#### COLLECTED MATERIAL:
======

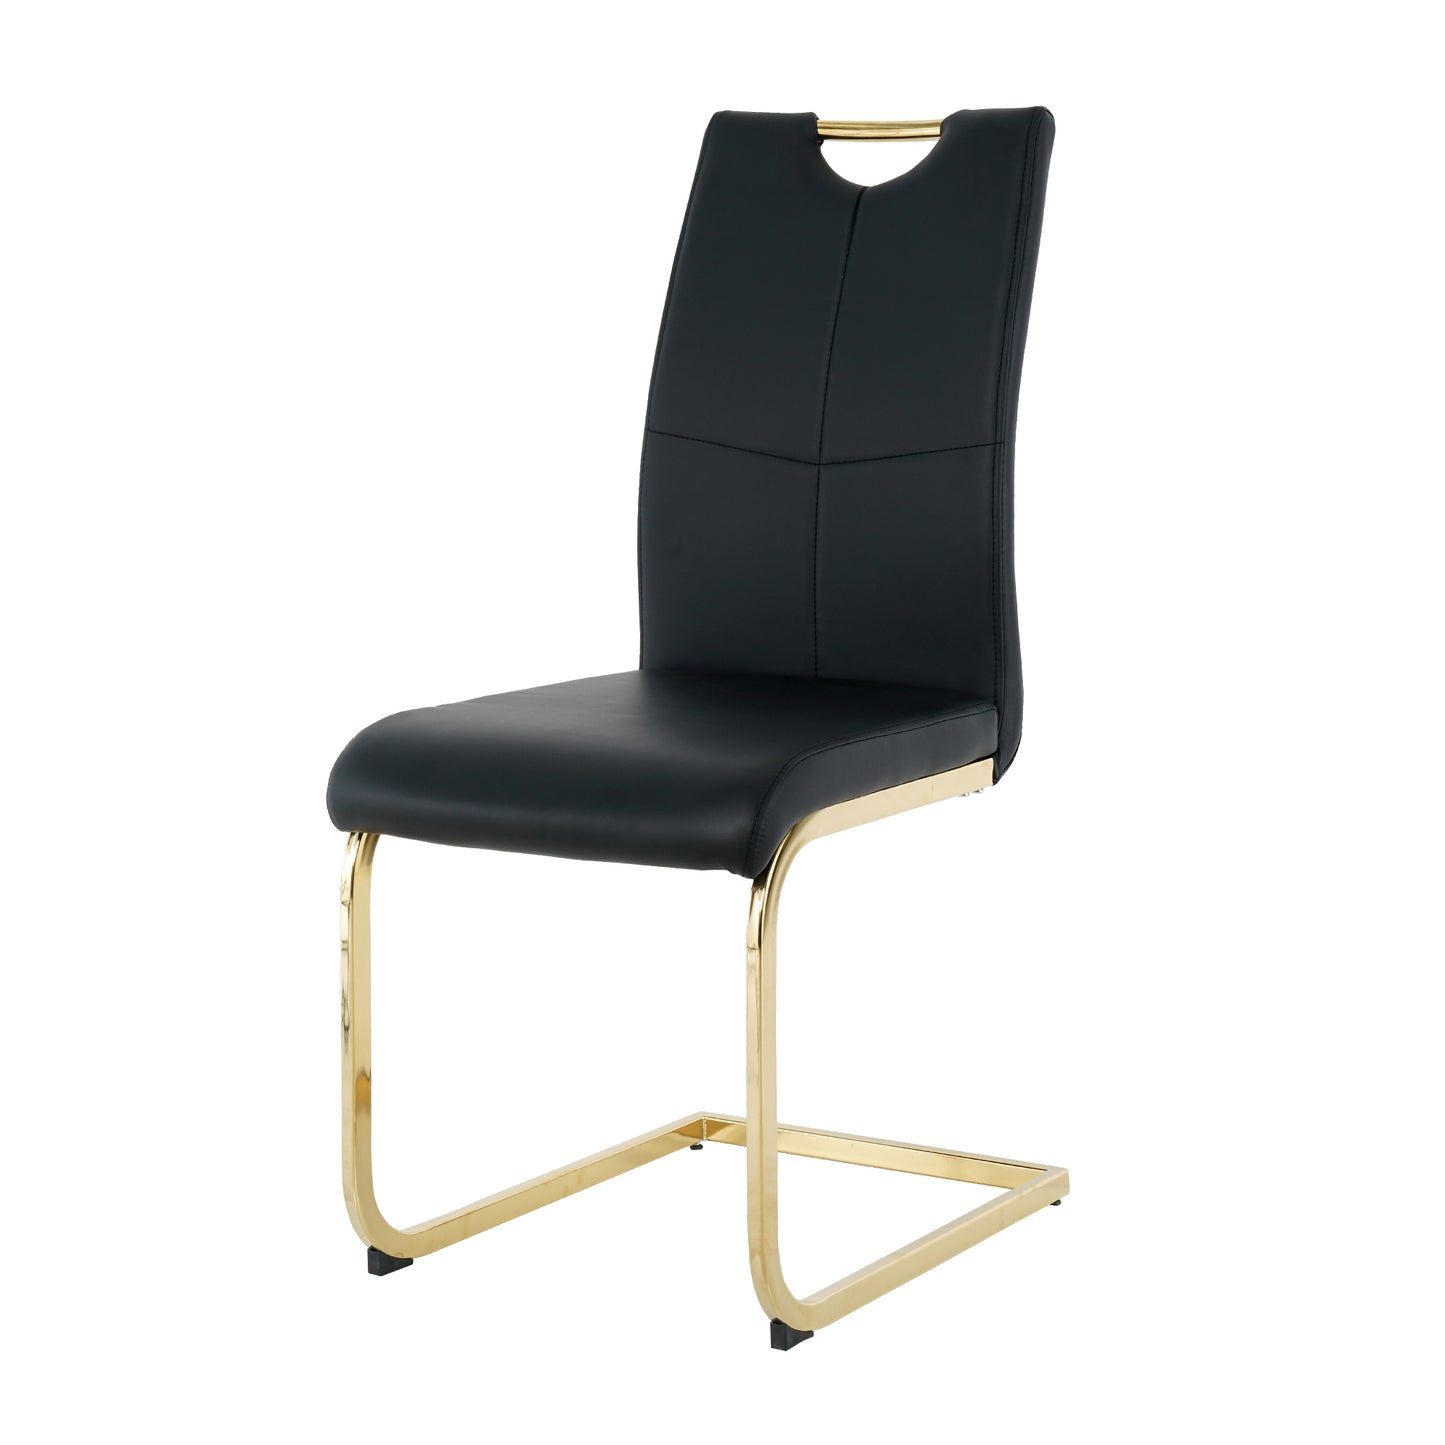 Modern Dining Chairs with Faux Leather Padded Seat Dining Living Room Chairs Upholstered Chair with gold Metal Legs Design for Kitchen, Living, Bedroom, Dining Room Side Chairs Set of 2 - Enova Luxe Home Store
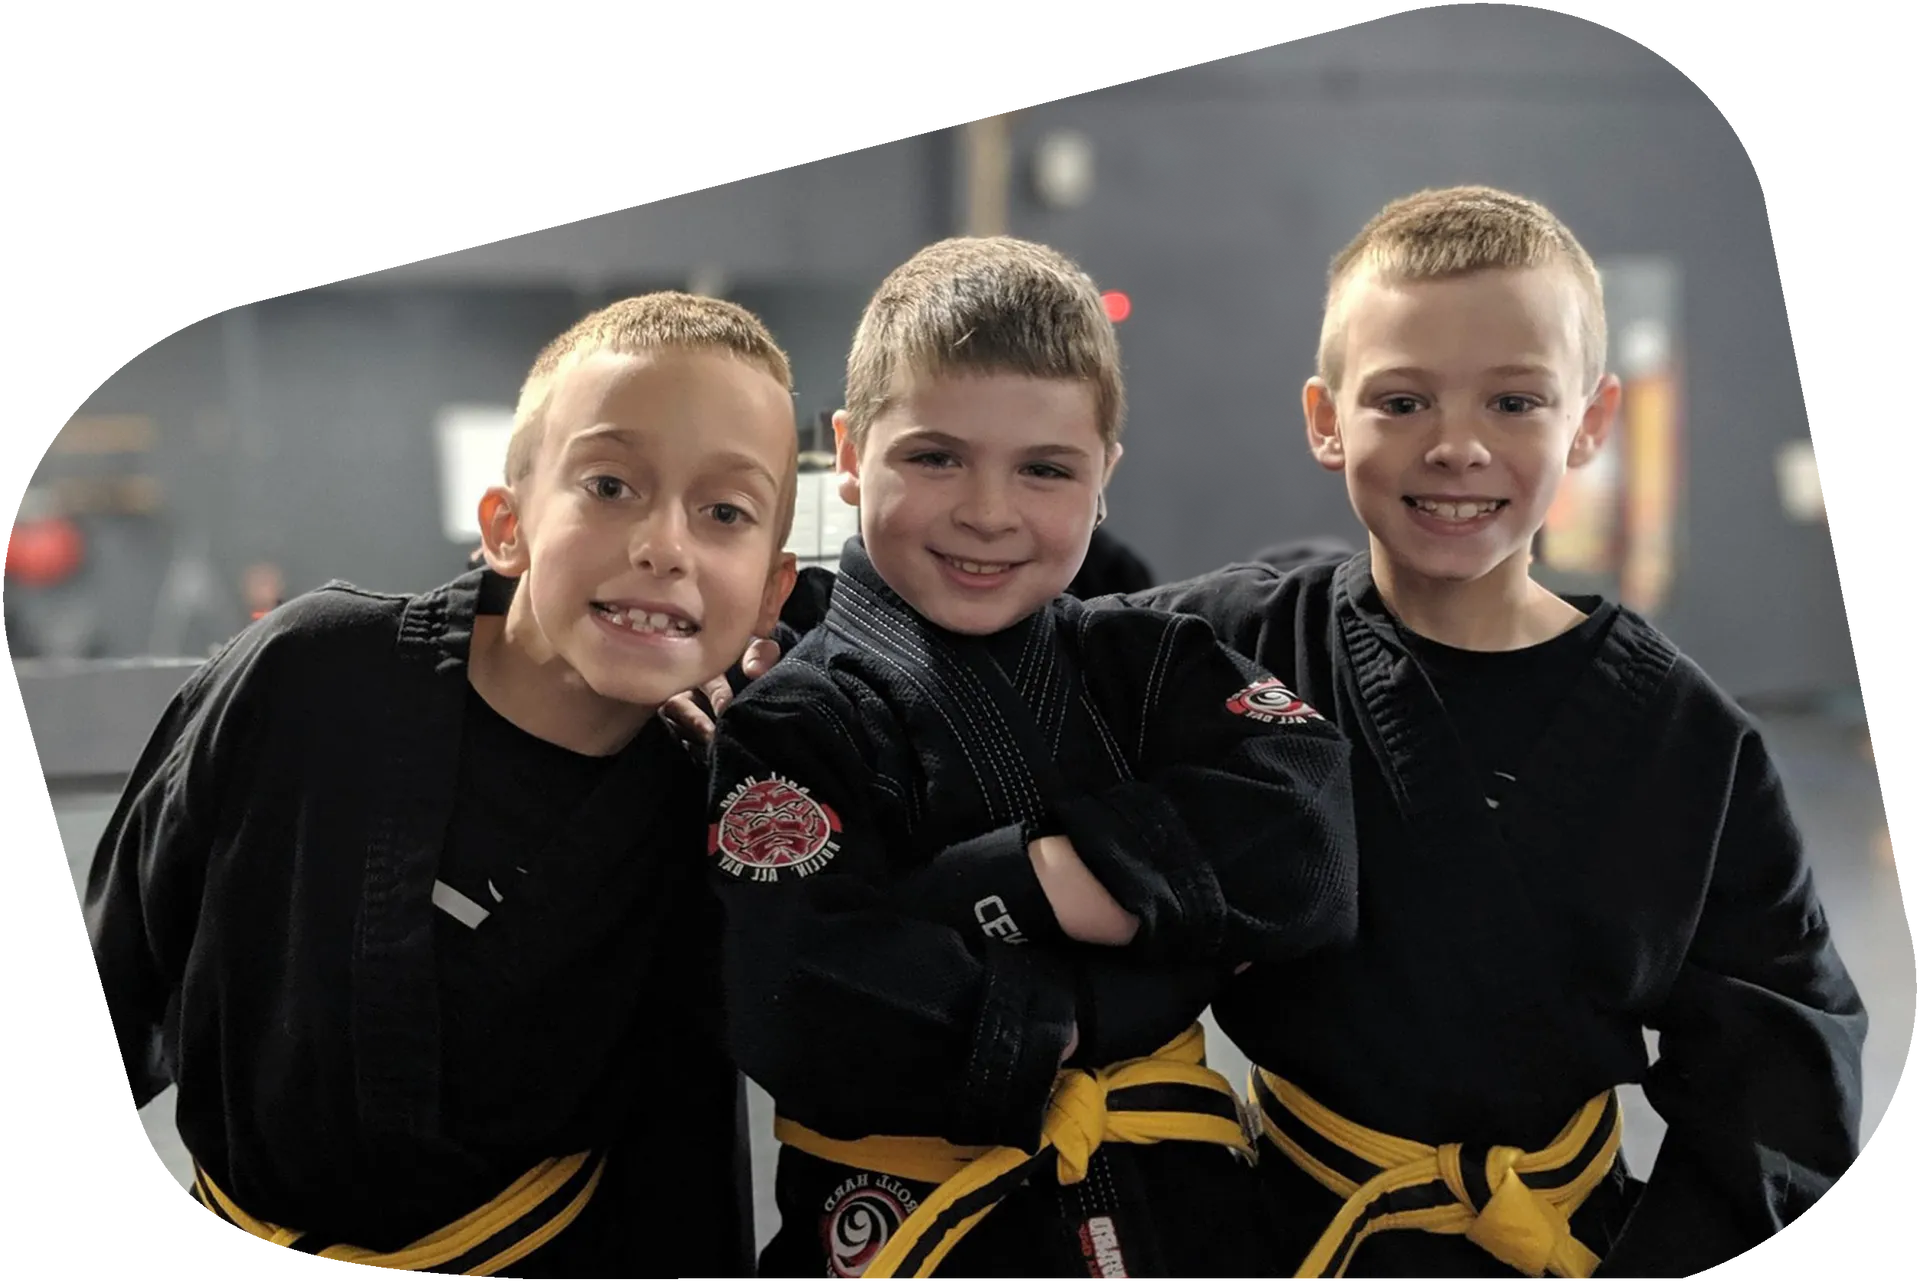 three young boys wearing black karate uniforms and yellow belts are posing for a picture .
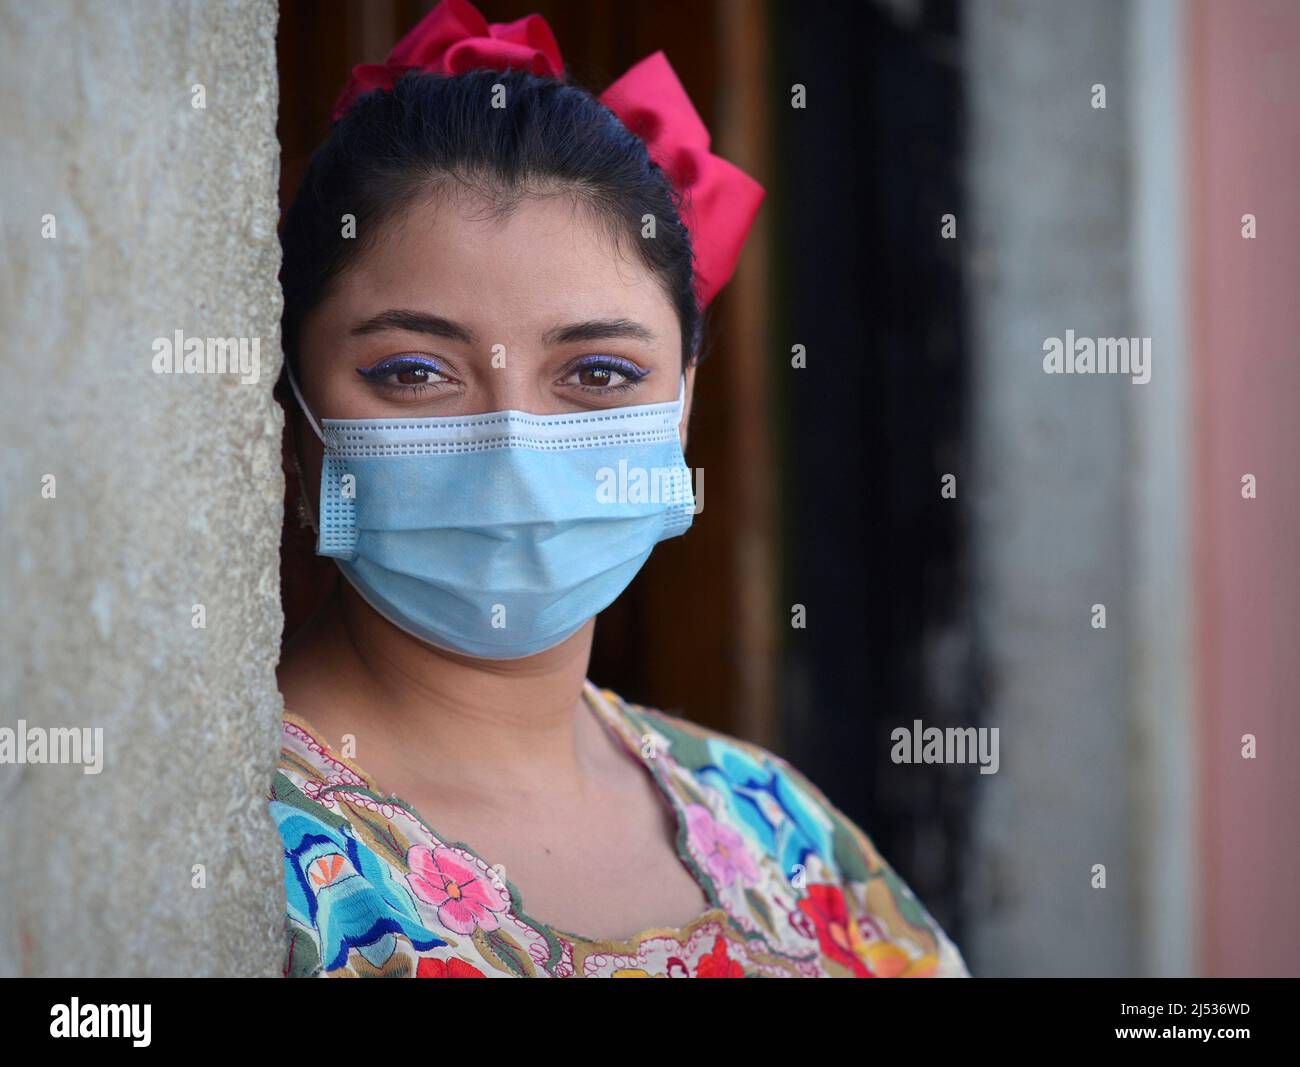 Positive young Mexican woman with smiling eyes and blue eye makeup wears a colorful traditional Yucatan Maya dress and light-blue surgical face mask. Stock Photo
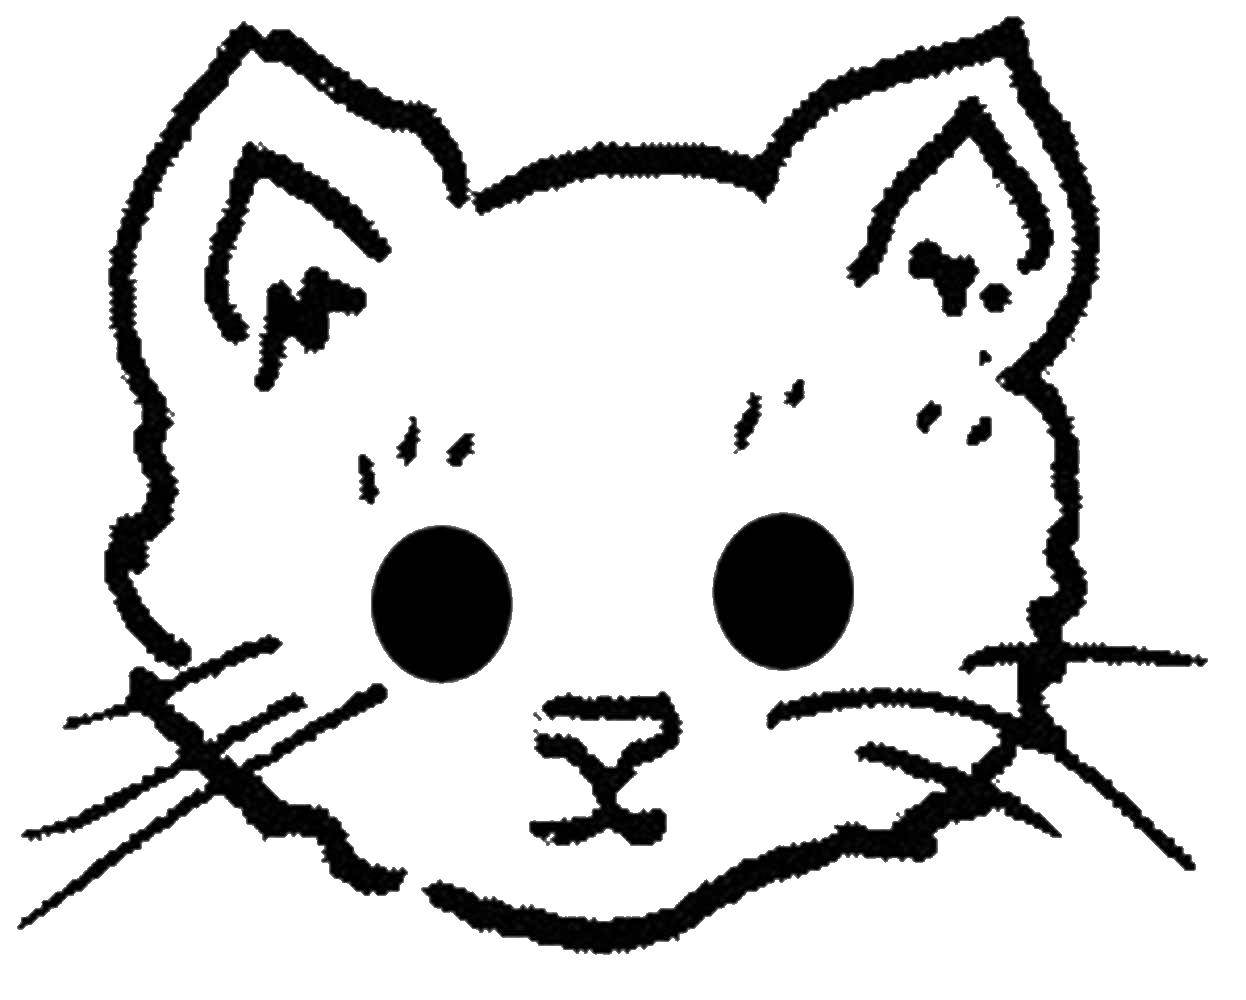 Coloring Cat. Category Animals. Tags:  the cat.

======

#### WORK TO COMPLETE:
Output the listing above in full, exactly. No images.

#### RESULT:
 Modern Dining Chairs with Faux Leather Padded Seat Dining Living Room Chairs Upholstered Chair with gold Metal Legs Design for Kitchen, Living, Bedroom, Dining Room Side Chairs Set of 2 - Enova Luxe Home Store
 three young boys wearing black karate uniforms and yellow belts are posing for a picture .
 Positive young Mexican woman with smiling eyes and blue eye makeup wears a colorful traditional Yucatan Maya dress and light-blue surgical face mask. Stock Photo
 Coloring Cat. Category Animals. Tags:  the cat.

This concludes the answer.